Re your #8 -
It seems that Scalia was using his rifle in NY for cometitive shooting in a military school.
As far as I know, the military hasn't had a lot to do with "hunting" either lately.
But then again, the 2nd A. really isn't about the standing military, either. Although I think it was presumed during the founding that the National Military (which was supposed to be kept at a minimum) and the local Militias were supposed to be working cooperatively.
Of course, after the Civil War, the Federal Gov't. seems to have reconsidered the idea of relative local / State military autonomy, and that was pretty much the end of the "Militia" system as a serious tactical element in America.
By the mid 1890s the "Militia" became "National Guard", subject to federalization.
So much for "State's Rights", as Roe V. Wade has pretty much demonstrated.
Well perhaps with S. Dakota passing a ban on abortion,
States Rights will be revisited again real soon
But then again, the 2nd A. really isn't about the standing military, either. Although I think it was presumed during the founding that the National Military (which was supposed to be kept at a minimum) and the local Militias were supposed to be working cooperatively.
Of course, after the Civil War, the Federal Gov't. seems to have reconsidered the idea of relative local / State military autonomy, and that was pretty much the end of the "Militia" system as a serious tactical element in America.
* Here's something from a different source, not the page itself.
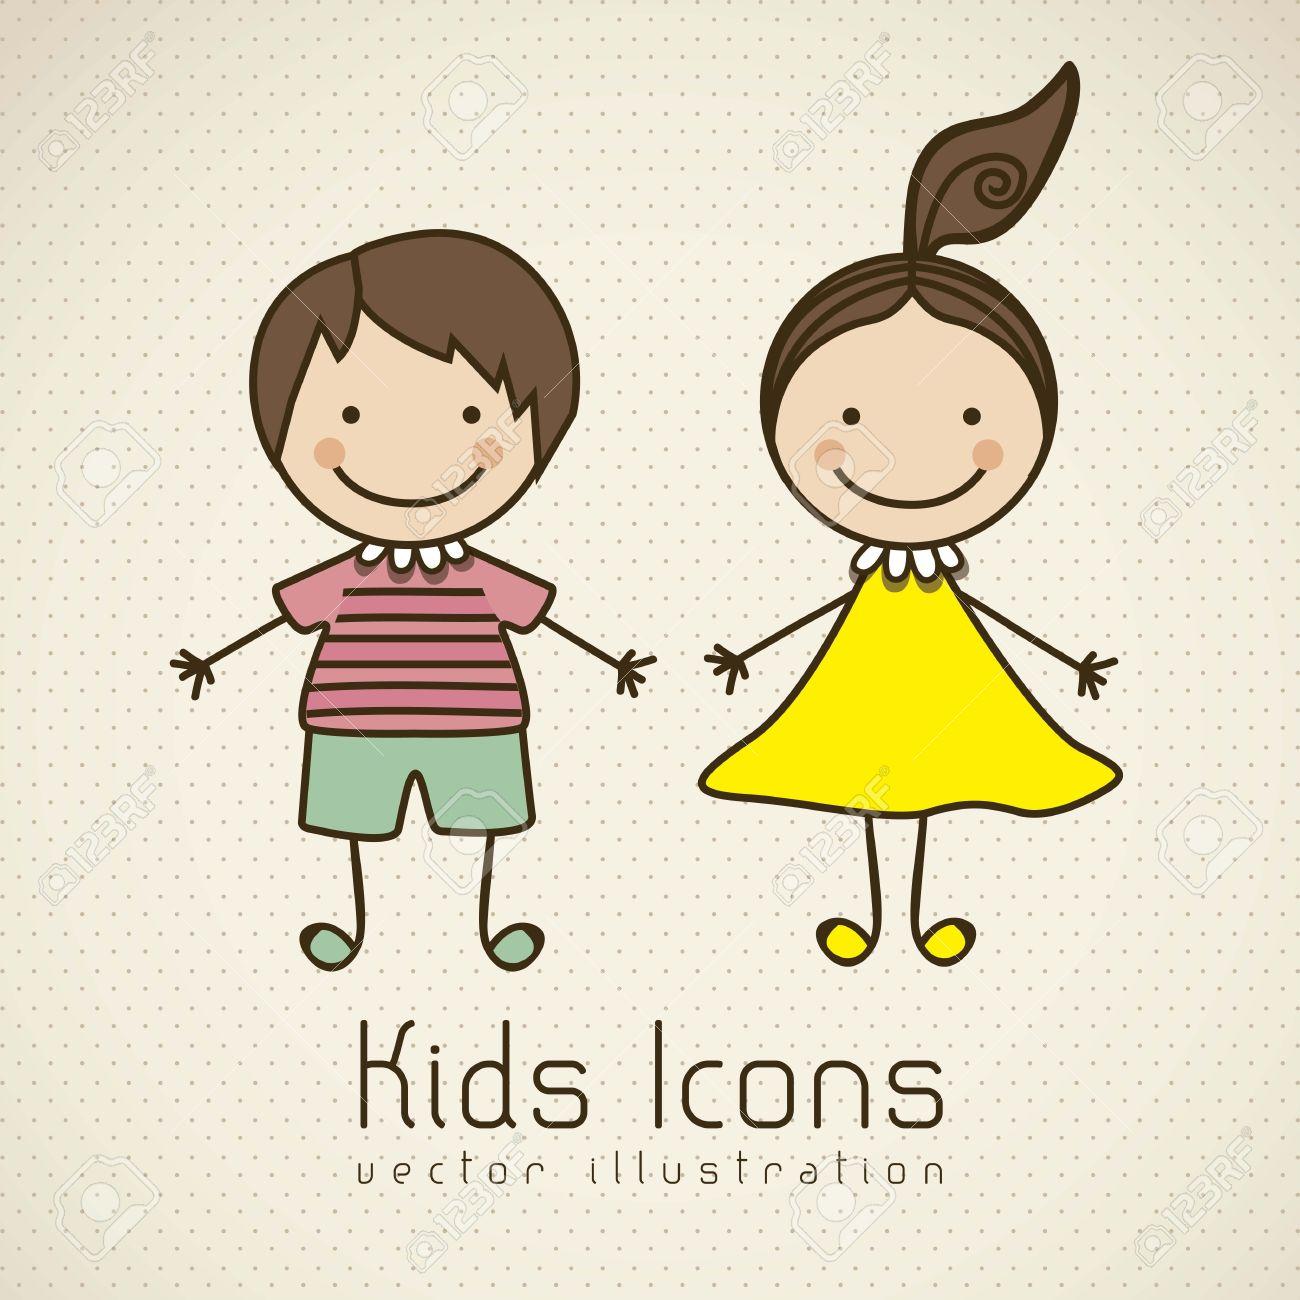 Illustration of kids icons, kids groups, vector illustration Stock Vector - 16819281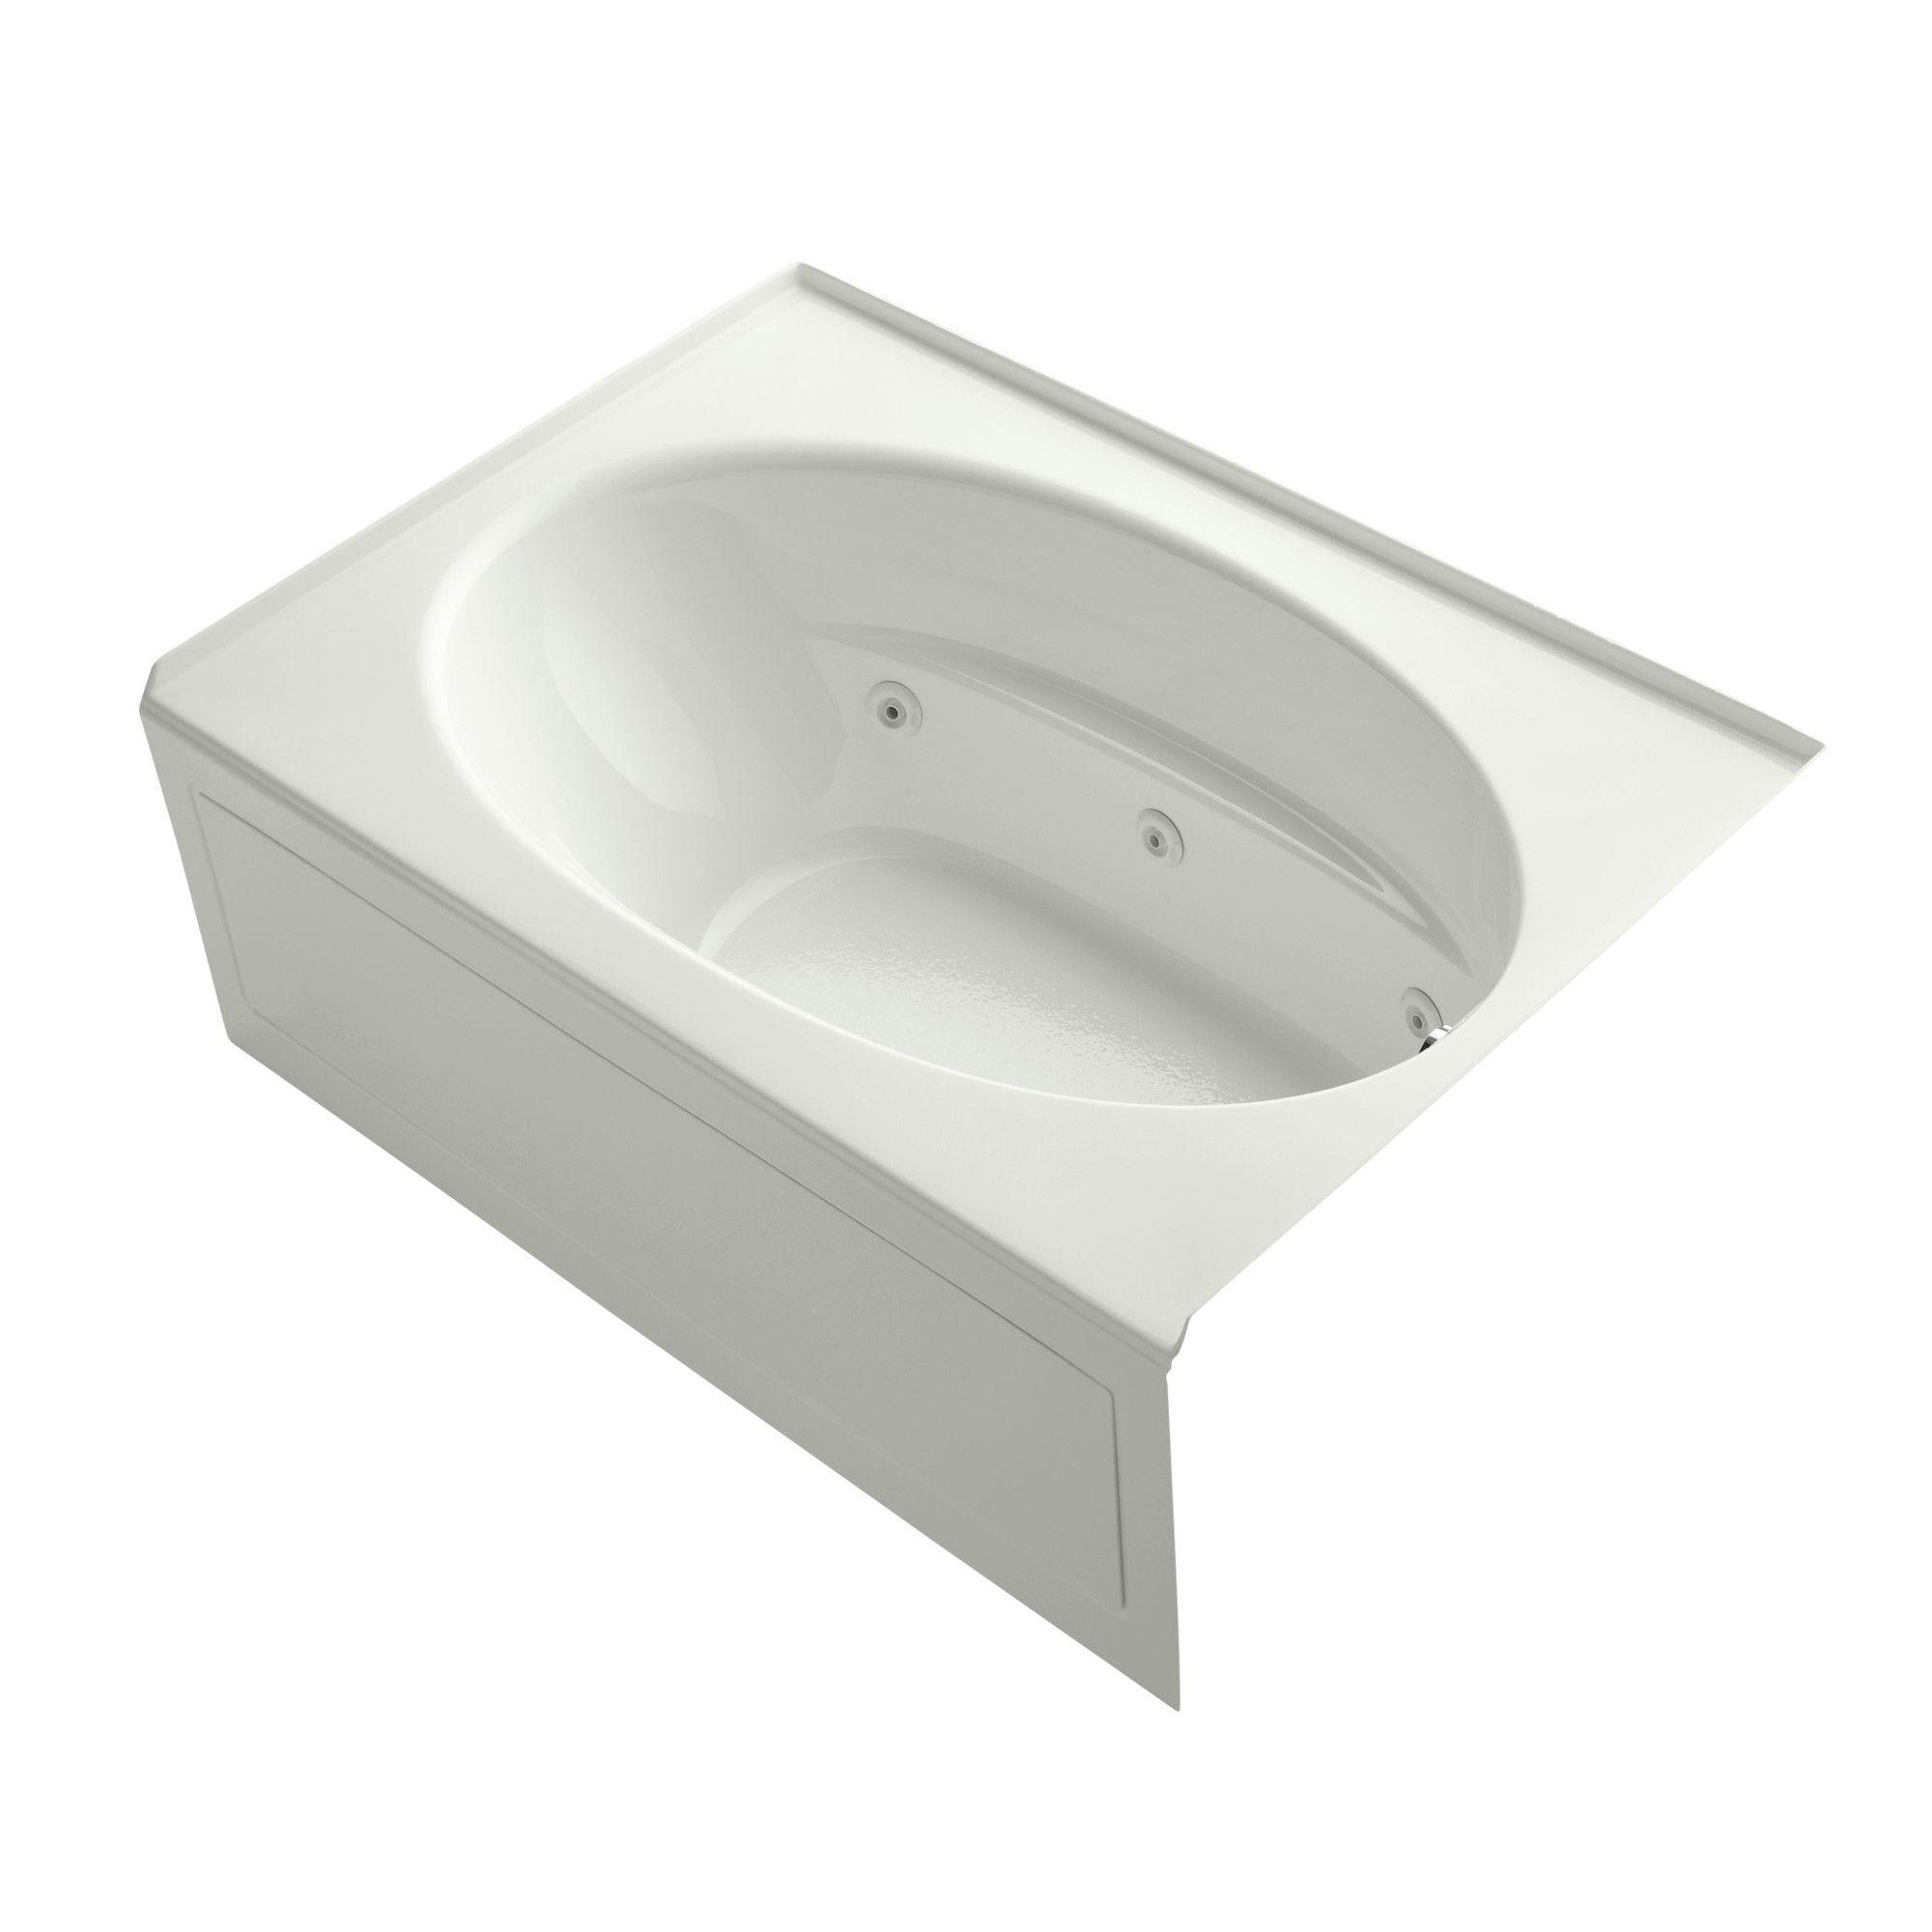 "Windward 60"" x 42"" Whirlpool Bathtub"

By the mid 1890s the "Militia" became "National Guard", subject to federalization.
Of course, after the Civil War, the Federal Gov't. seems to have reconsidered the idea of relative local / State military autonomy, and that was pretty much the end of the "Militia" system as a serious tactical element in America. By the mid 1890s the "Militia" became "National Guard", subject to federalization.
Historically and legally inaccurate. Too many errors to cover in detail so here are the bullets
1.The courts have recognized the existence of the Militia without exception, since the civil war. From Presser v Illinois 1879
It is undoubtedly true that all citizens capable of bearing
arms constitute the reserved military force or reserve militia of the United States as well as of the States, and in view of this prerogative of the general government, as well as of its general powers, the States cannot, even laying the constitutional provision in question out of view, prohibit the people from keeping and earing arms, so as to deprive the United States of their rightful
resource for maintaining the public security, and disable the people from performing their duty to the general government.
2. The reserve militia of the United States is a concept and legal construct completely separate from the National Guard. The idea the one morphed into the other is a liberal construct not backed by legislation or legal decision.